Serial code: (ex_basic_serial.r)

# File name: ex_basic_serial.r
# Run: Rscript --vanilla ex_basic_serial.r

### Basic implication
my.basic <- function(x){
  ### This is the same as mean(x).
  N <- length(x)
  bar.x <- sum(x / N)

  ### This is the same as var(x).
  s.x <- sum(x^2 / (N - 1)) - bar.x^2 * (N / (N - 1))

  list(mean = bar.x, s = s.x)
} # End of my.basic().

### Main codes stat from here.
set.seed(1234)
N <- 100
x <- rnorm(N)
my.basic(x)

Parallel (SPMD) code: (ex_basic_spmd.r for ultra-large/unlimited $N$)

# File name: ex_basic_spmd.r
# Run: mpiexec -np 2 Rscript --vanilla ex_basic_spmd.r

### Load pbdMPI and initial the communicator.
library(pbdMPI, quiet = TRUE)
init()

### Basic implication for workers.
my.basic.spmd <- function(x.spmd){
  ### For mean(x).
  N <- allreduce(length(x.spmd), op = "sum")
  bar.x.spmd <- sum(x.spmd / N)
  bar.x <- allreduce(bar.x.spmd, op = "sum")

  ### For var(x).
  s.x.spmd <- sum(x.spmd^2 / (N - 1))
  s.x <- allreduce(s.x.spmd, op = "sum") - bar.x^2 * (N / (N - 1))

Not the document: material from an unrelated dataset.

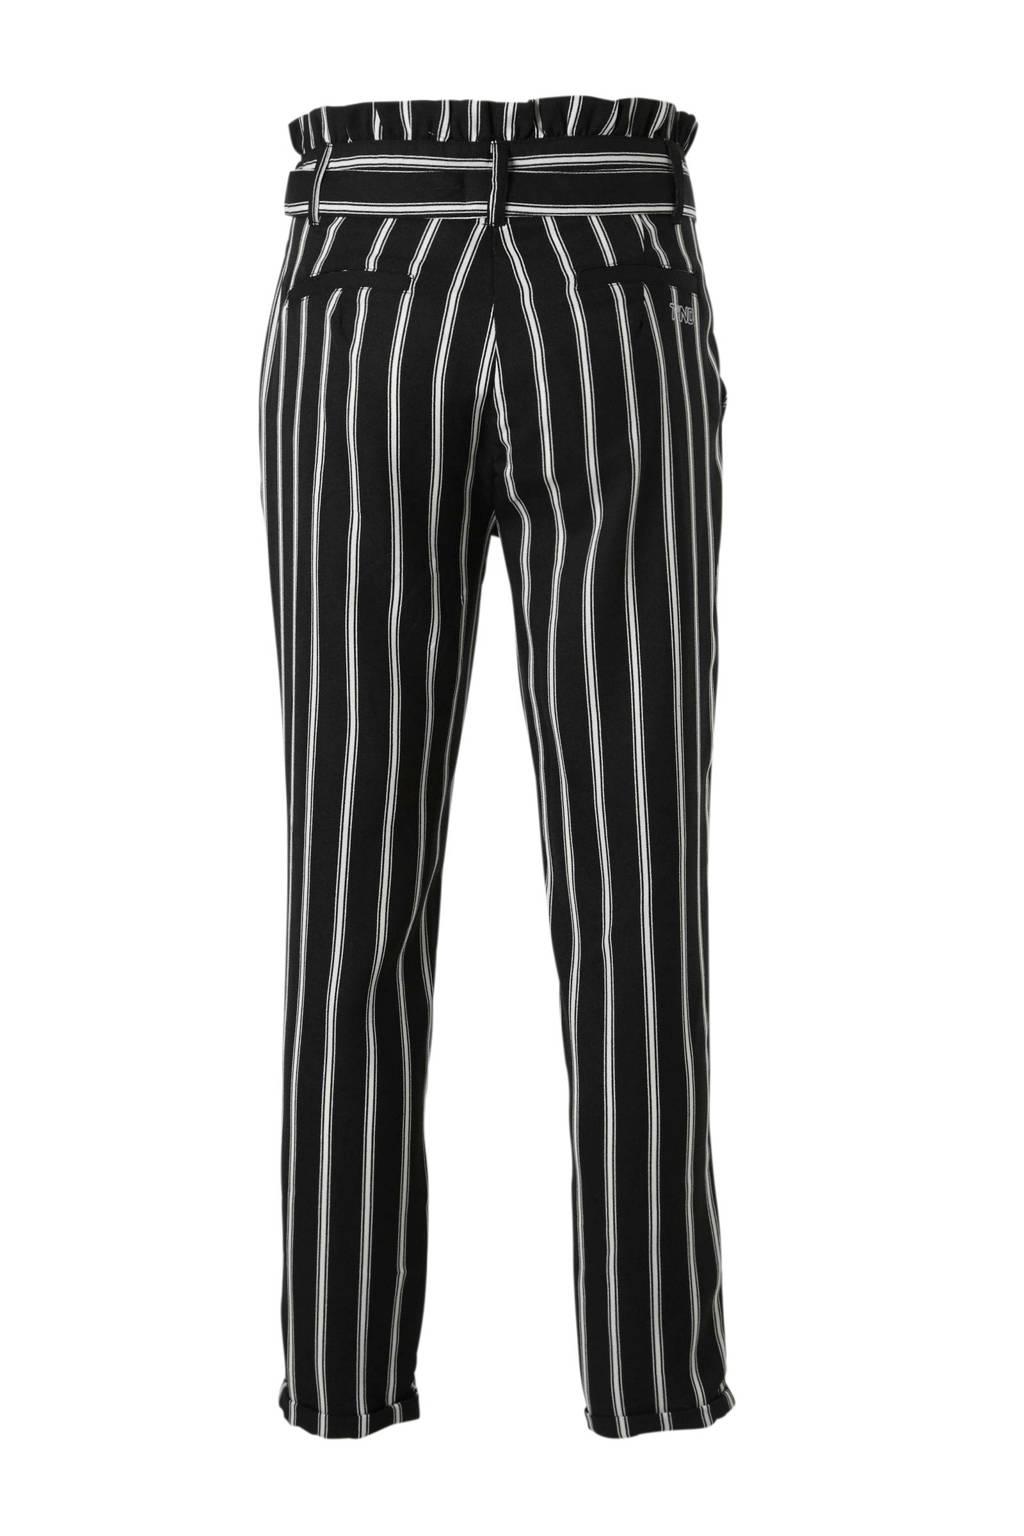 Tumble 'n Dry Hi gestreepte tapered fit broek Boan zwart, Zwart/wit

  list(mean = bar.x, s = s.x)
} # End of my.basic.spmd().

### Main codes start from here.
set.seed(1234)
N <- 100                # Pretend N is large.
x <- rnorm(N)

### Load data partially by processors if N is ultra-large.
id.get <- get.jid(N)
x.spmd <- x[id.get]
ret.spmd <- my.basic.spmd(x.spmd)

### Output.
comm.print(ret.spmd)
finalize()

Exercise:

Try to compute standard deviation.